Outsourced Network Monitoring: Week-One Checklist

OUTSOURCED NETWORK MONITORING: WEEK-ONE CHECKLIST | ITcare

A network that has been stable for three years is not one we trust yet. Stable often just means nobody has touched the part that is quietly broken.

When we take over monitoring for a new ISP, data center, hosting provider, or WISP, the first week is not about lighting up dashboards. It is about finding the failures that have not happened yet.

Some of what we actually check:

Management plane exposure. SSH and SNMP reachable from the public internet, no VTY ACLs, no control plane policing. Everything works fine right up until it very much does not.

BGP, but not whether the sessions are up. We look at the policies. Are inbound prefixes from peers and customers actually filtered, or is the session accepting whatever shows up? Is there a max-prefix limit on every eBGP session? Do the outbound policies announce only what they should, or is the network one missing filter away from leaking transit between two providers? We check it against MANRS as a baseline, because most setups follow it on paper and not in the config.
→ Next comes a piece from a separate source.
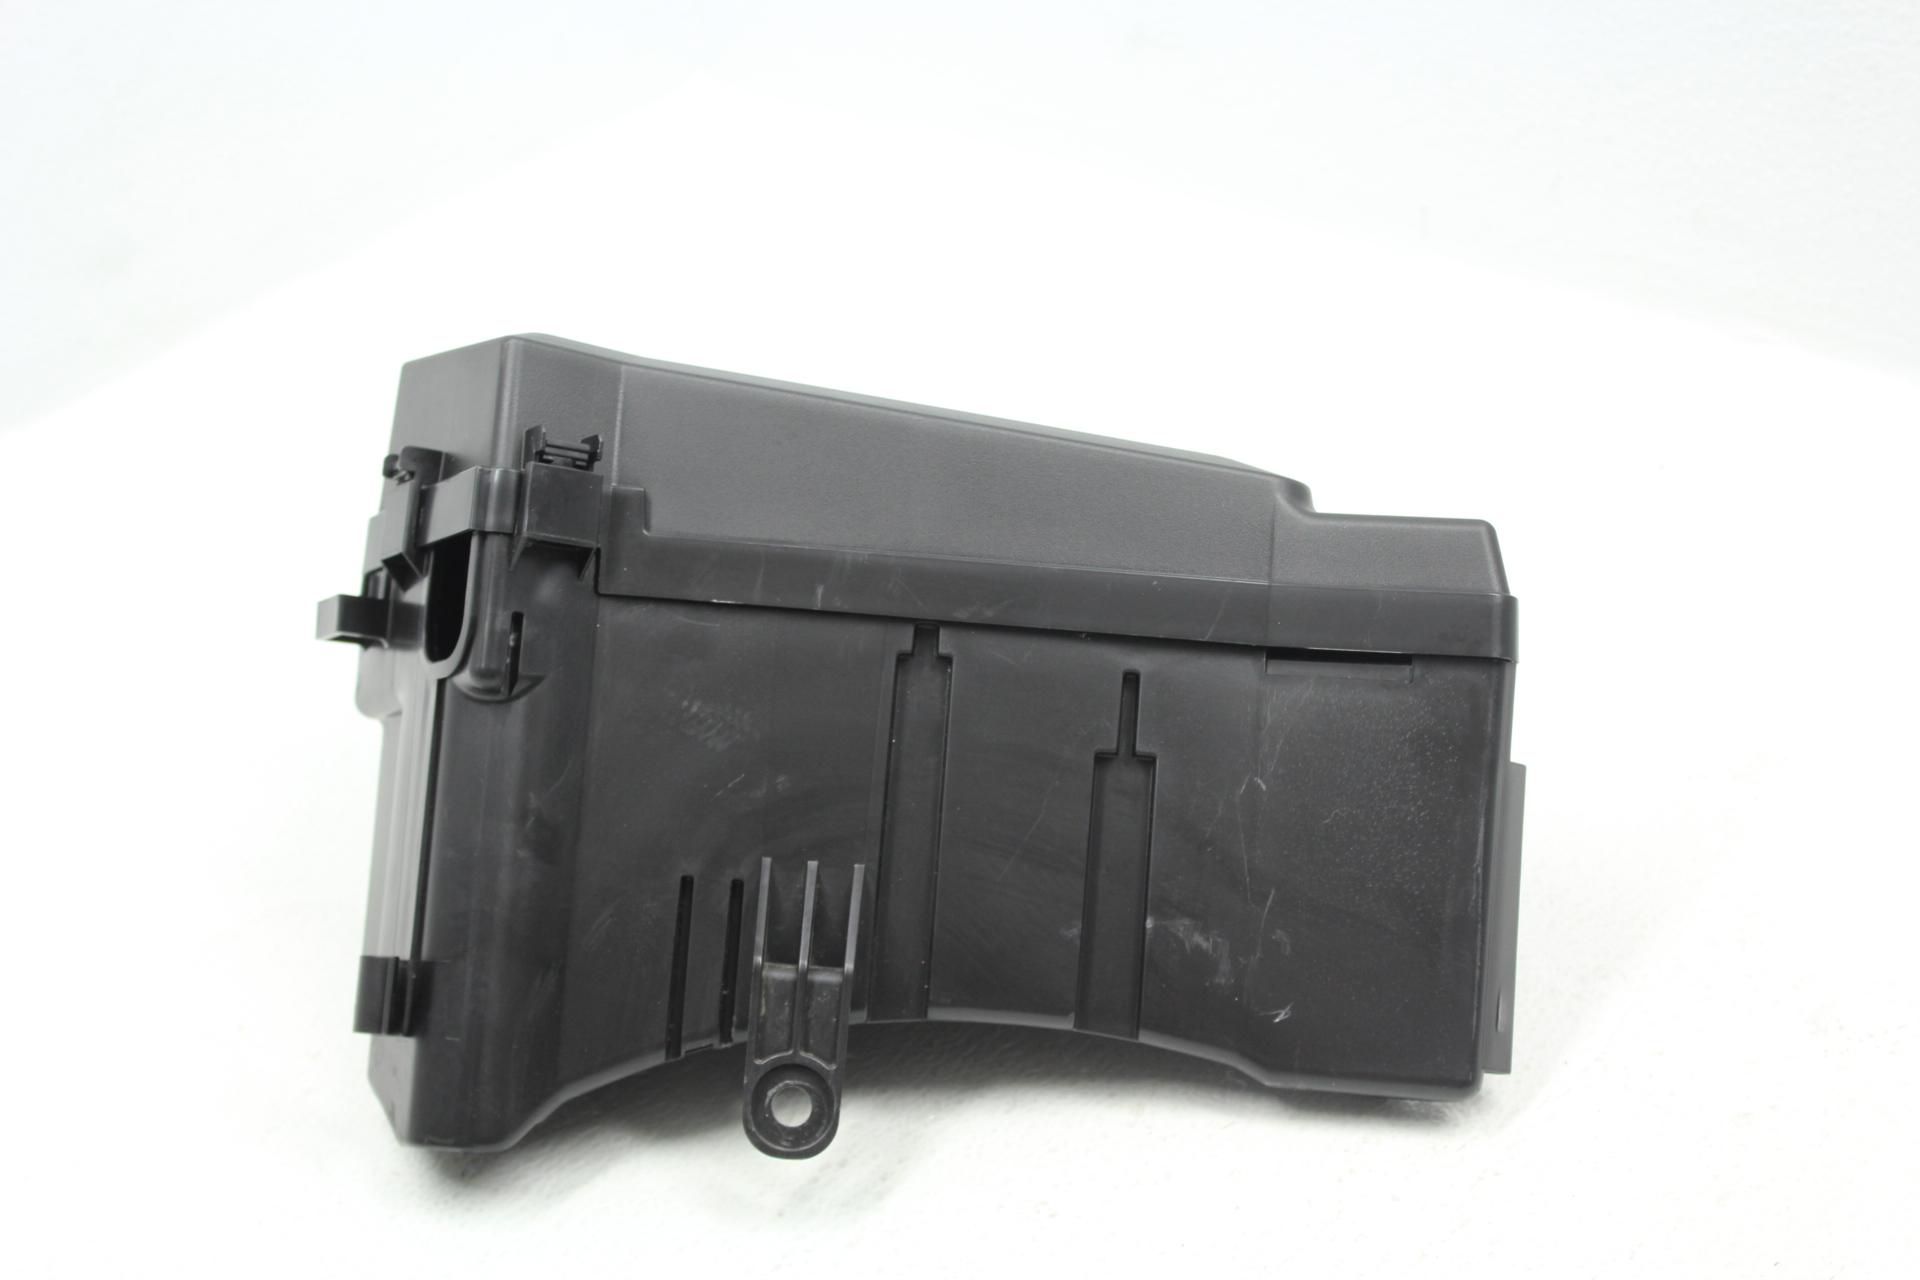 18 2018 Subaru Wrx Sti Type Ra Fuse Box Panel Cover Oem 82243va010

NTP. Boring, ignored, and the reason half of incident timelines are useless. If the edge routers and the syslog server disagree on what time it is, every correlation made during an outage is fiction.
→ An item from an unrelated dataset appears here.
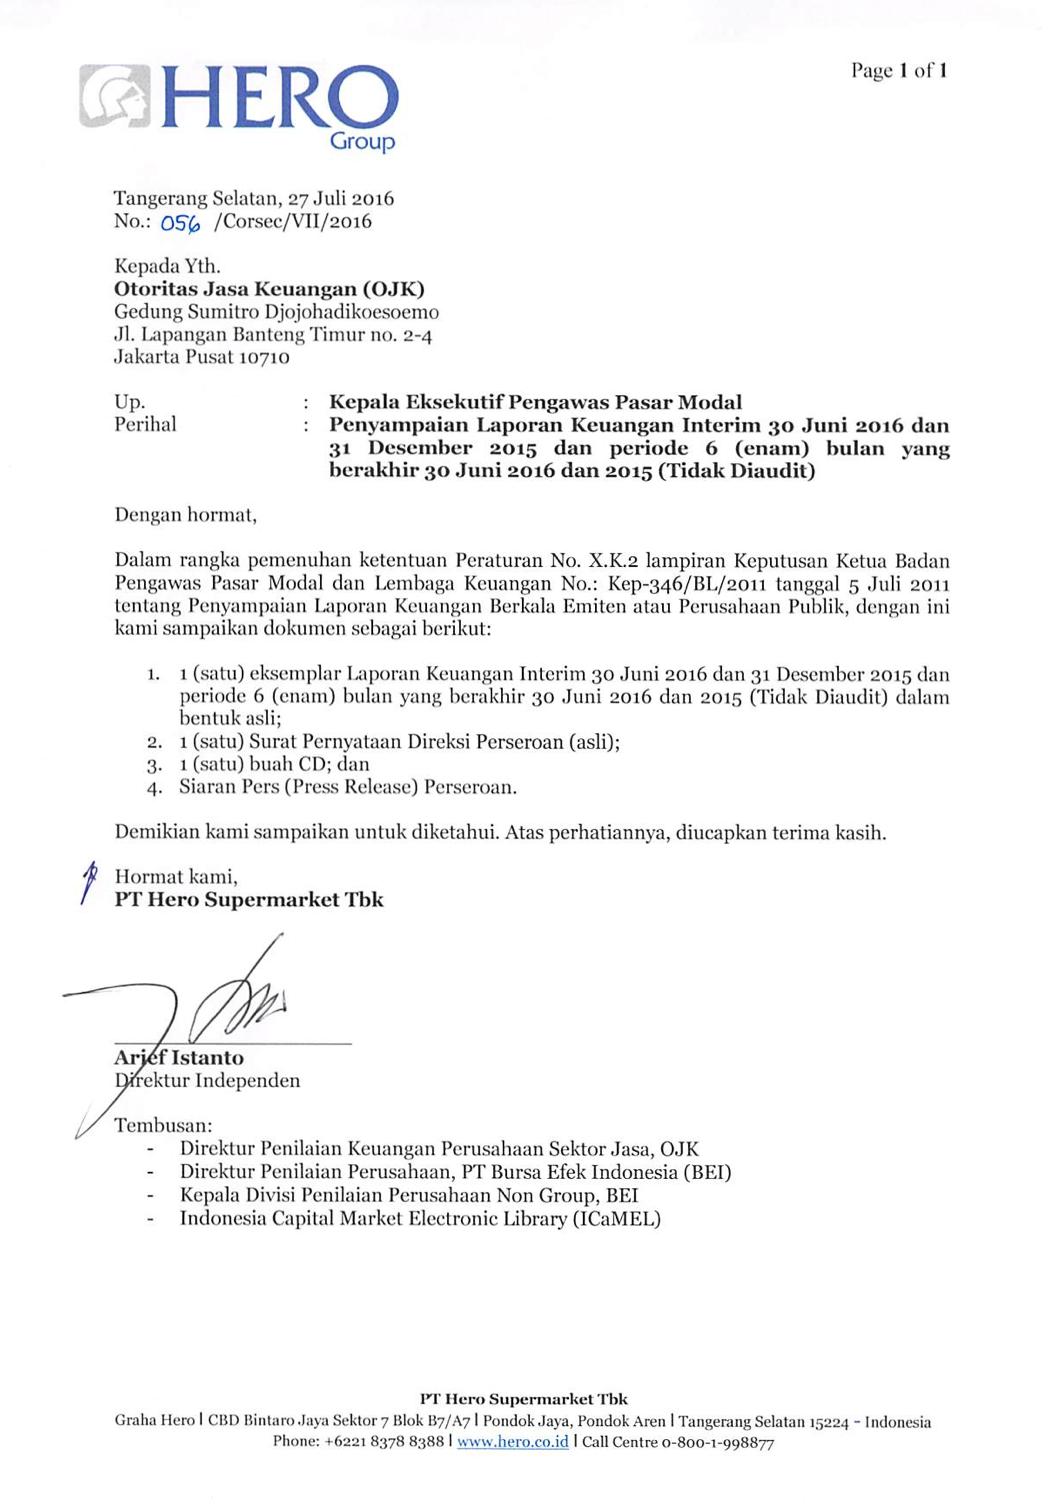 Contoh Laporan Keuangan Perusahaan Yang Telah Diaudit Kumpulan Contoh Laporan

Config backups. When was the last one, and does running-config still match startup-config? A box that has not rebooted in two years often will not survive the next reboot.

Redundancy that only exists on paper. Two upstreams is not redundancy if the failover was never tested. We check whether the upstream paths are actually set up to fail over on their own, whether there is internal path diversity through the route reflectors and alternate paths across the network, and whether those alternate paths are genuinely alive and able to carry traffic, not waiting on someone to trigger the switch by hand.
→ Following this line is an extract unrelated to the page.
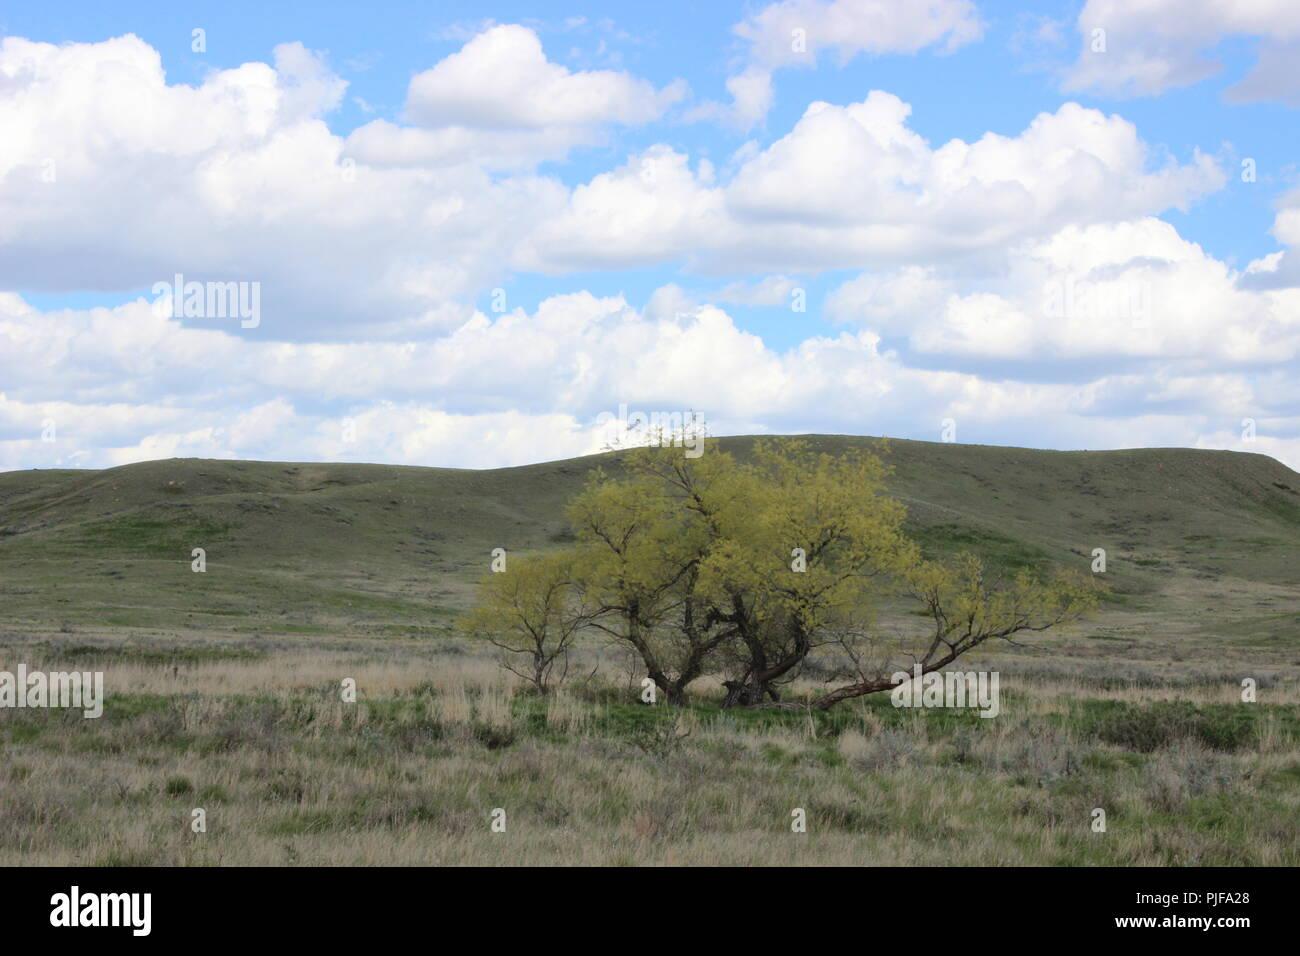 Tree in Grasslands National Park - Stock Image

Optical health. DOM readings on every uplink. Marginal transceivers throw CRC errors long before they fail outright, and the errors get blamed on everything except the optic. For WISPs we go further and check whether the wireless links are actually monitored: RSSI, SNR, modulation rate, retransmits, and capacity headroom, so signal degradation is caught as a trend, before it becomes a customer-down ticket.

None of this shows up as red on a status page. That is the point. By the end of the first week we are not monitoring a network. We understand how it breaks.